Closed paulmach closed 7 years ago
Updated. The 32megs is an upper bound so I don't have to grow the buffer ever. Could try using bytes.Buffer
to handle a lot of that. I think the 32megs is fine since it's only once.
I should add, to your point, in the file I tested on it was in the 2megs range.
Every change breaks someone's workflow. 😄 People may run hundreds of decoders in parallel and may not expect increased memory consumption. So yeah, let's use bytes.Buffer.Grow()
.
Great improvement!
Updated so header and blob buffers use bytes.Buffer. Unless I'm doing something totally wrong i'm not seeing any speed improvement anymore.
BenchmarkDecode-4 1721956082 2514611990 +46.03%
BenchmarkDecodeConcurrent-4 1795521119 2687821585 +49.70%
This is what I was seeing in general. This one change was a huge win, other similar change had minimal if any impact. I don't know why.
@paulmach thanks for all the work. I haven't looked in depth but are there concurrency issues with this? I think it is possible for the buffers to be called from multiple goroutines and I am not sure it is safe to do that.
Have you thought about trying sync.Pool
?
Yes, this is safe, tests also pass with go test -race
.
decoder.Start()
launches a goroutine that sequentially reads the fileblocks/blobs and passes them to the concurrent "decoders". The buffer used to hold the file byte data before it gets protobuf decoded into a *OSMPBF.Blob
is what is being reused here. Any decoded data is copied into the proto struct by the proto.Unmarshal method (I tested this and looked at code). ie. When protobuf decodes the bytes it copies most of it into protobuf struct's blob.ZlibData []byte
attribute. This copy is then used by the decoders, no any part of the reused buffer.

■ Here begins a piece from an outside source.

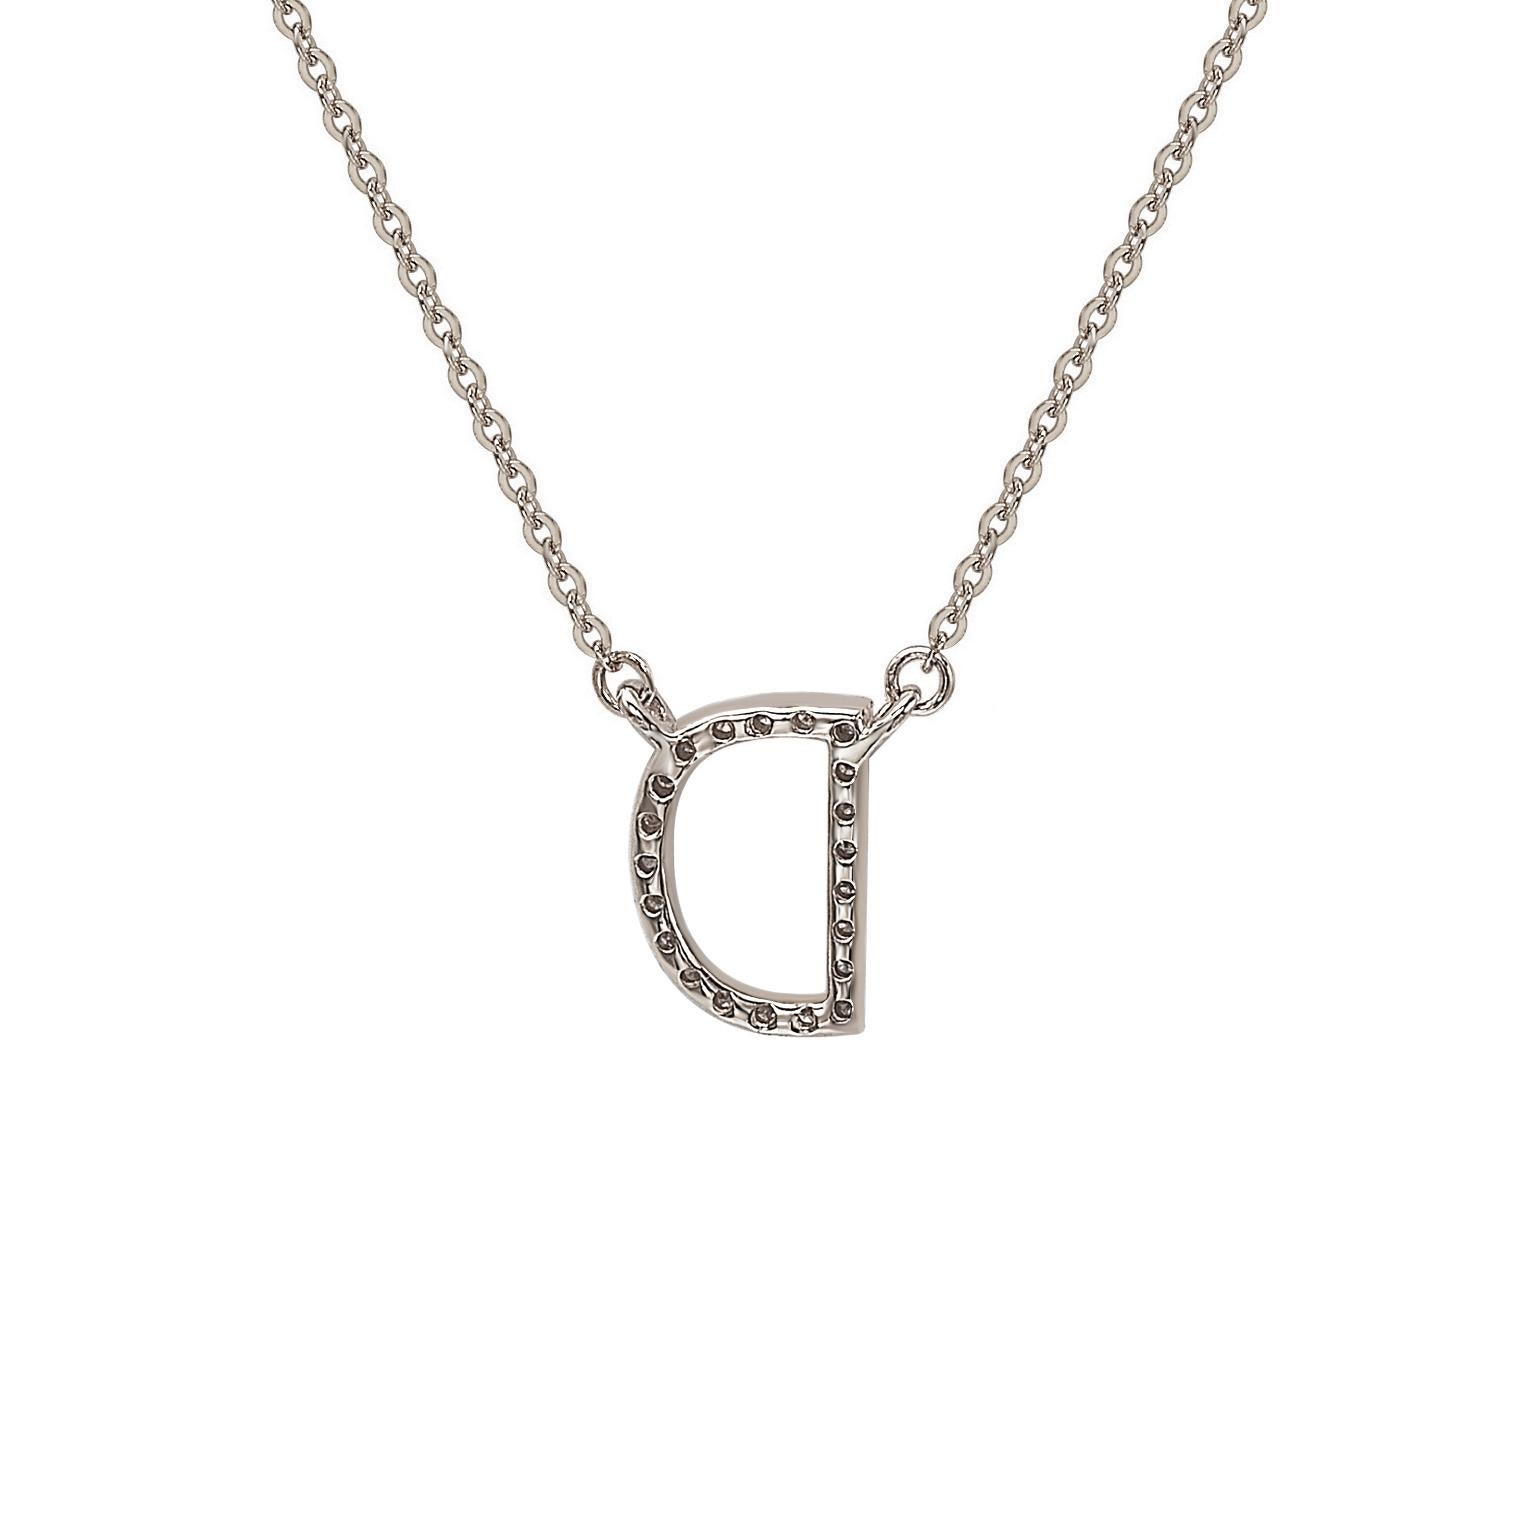 Cet époustouflant collier lettre personnalisé Suzy Levian est composé de diamants naturels, sertis à la main dans de l'or blanc 14 carats. C'est le cadeau individualisé idéal pour faire savoir à une personne spéciale que vous pensez à elle. Chaque
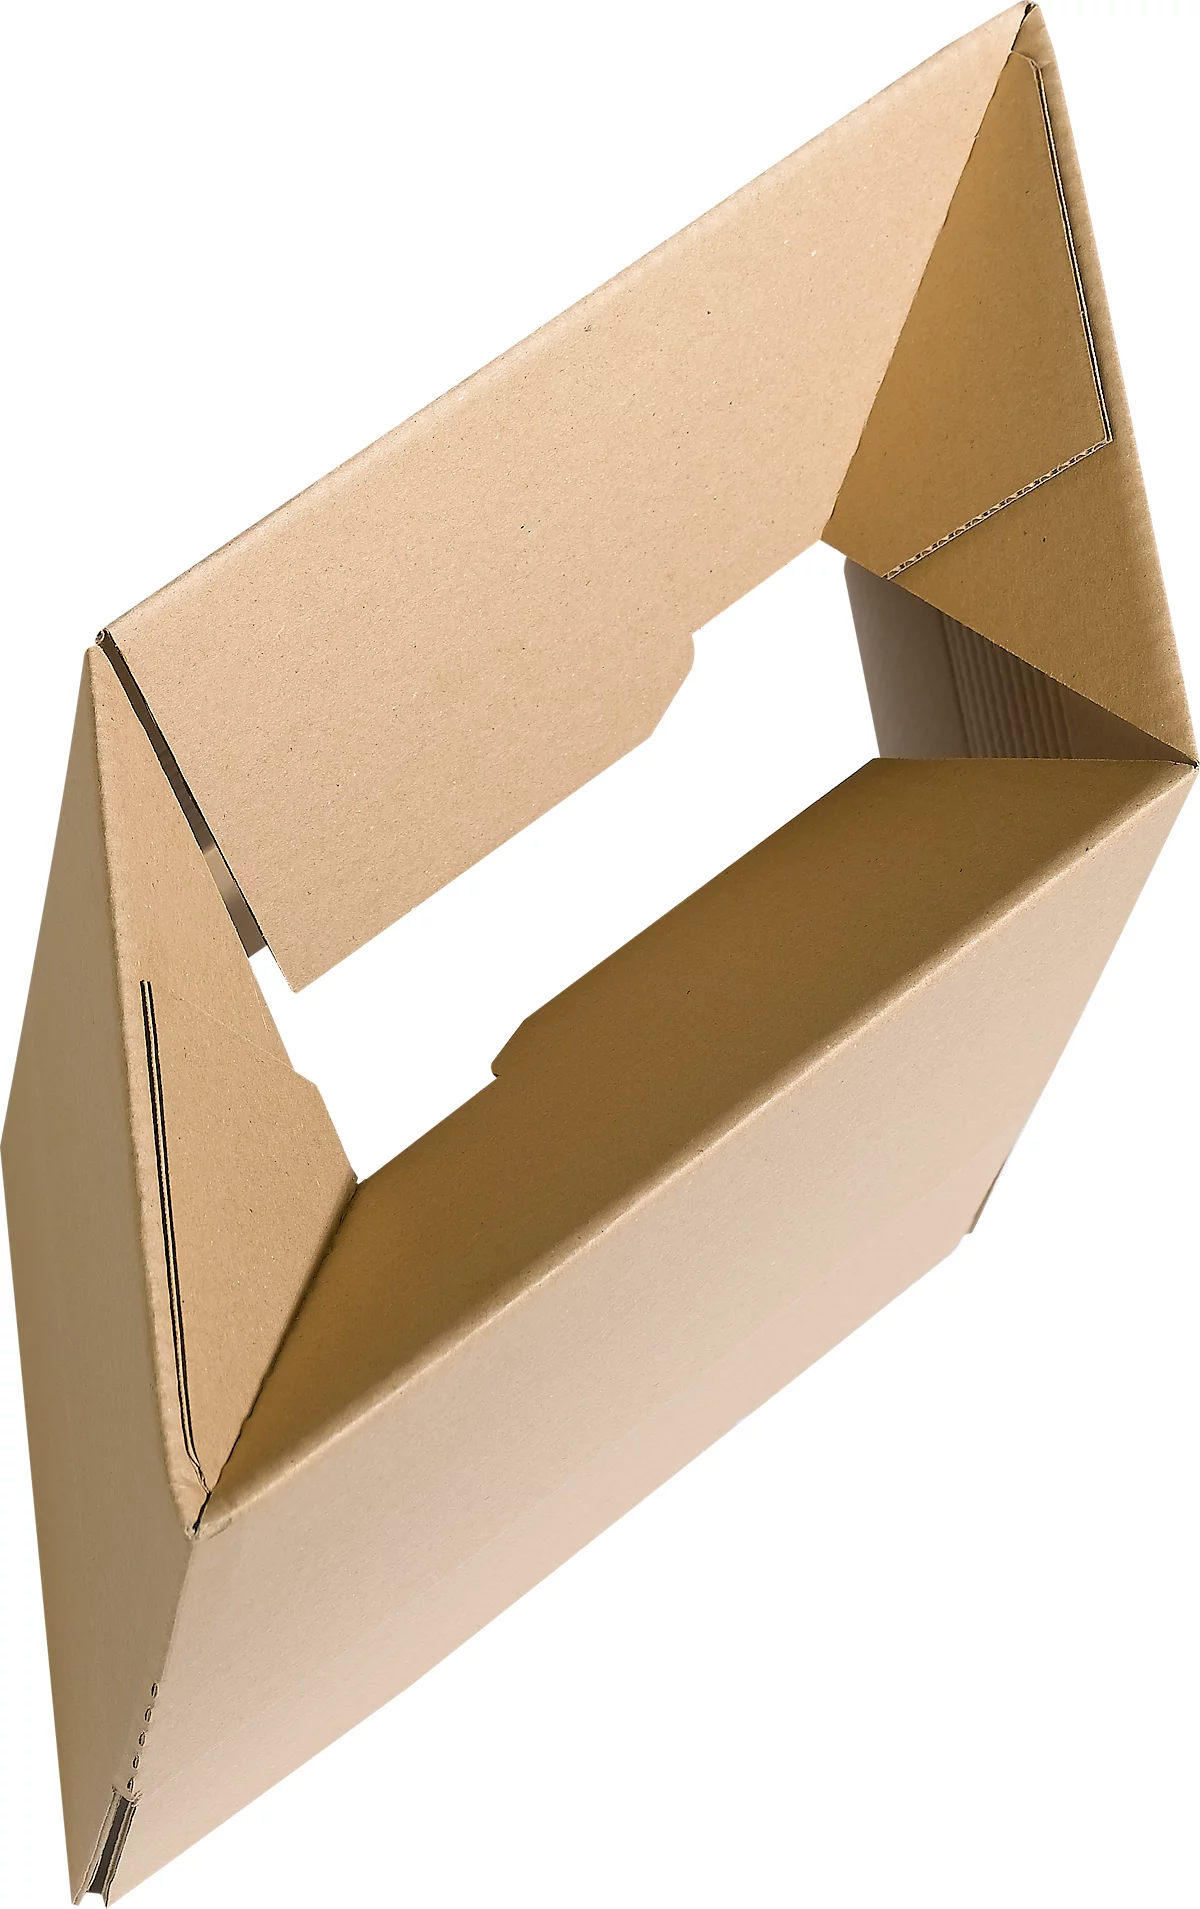 Cajas de cartón corrugado

It would be interesting to use a sync.Pool
for this blob.ZlibData
and then for the decoded zlib data (before if gets protobuf decoded again), but when I was trying other/similar improvements they didn't make much, if any, improvement.
Again, I don't know why preallocating a full 32 meg buffer results in such a dramatic speed improvement, but it is significant.
Note that the speed improvement is in the first commit in this PR. The second commit does the cleaner implementation that does not result in much of a change in performance.
It all looks very interesting, I will take another look this week.
I rolled back the byte.Buffer stuff that didn't make a difference on performance.
The pull being requested is the preallocation of the buffers that saves 33% on benchmarks.
I don't quite like the idea of preallocating such a large 32 Mb buffer space when most uses will probably not require anywhere near that amount. So I tried:
func (d *Decoder) buffer(size int) []byte {
if len(d.buf) < size {
d.buf = make([]byte, size)
}
return d.buf[:size]
}
I started with an initial buffer size of 0 bytes. The buffer size was increased 10 times to a maximum size of 500k with the test data. However I only saw a 2 - 3% decrease in execution time. If I initialized the buffer big enough so that it was never reallocated (i.e. 500k) I also only saw maybe 10 - 14% decrease in execution time. However with the changes made in this pull request, I saw 40% decrease in execution time as described by @paulmach which is pretty spectacular! I saw similar speed having one member variable buf
instead of sizeBuf
, headerBuf
and blobBuf
.
@AlekSi what are your thoughts on preallocating a maxBlobSize
buffer for the decoder to use? I don't see why having a gradually increasing buffer size negates most performance improvements.
So I took a look. And then again. And again. In the end, I exposed a method to set buffer size. See #19.
I don't see why having a gradually increasing buffer size negates most performance improvements.
Me too. And that bothers me.
On my amd64 macbook pro with go1.7
go1.6
benchmarks run with
go test -bench . --benchtime 10s
so the numbers are 3-5 run averages.I don't know why this is such a large improvement. I tried a bunch of more/similar things and nothing changed the performance like this.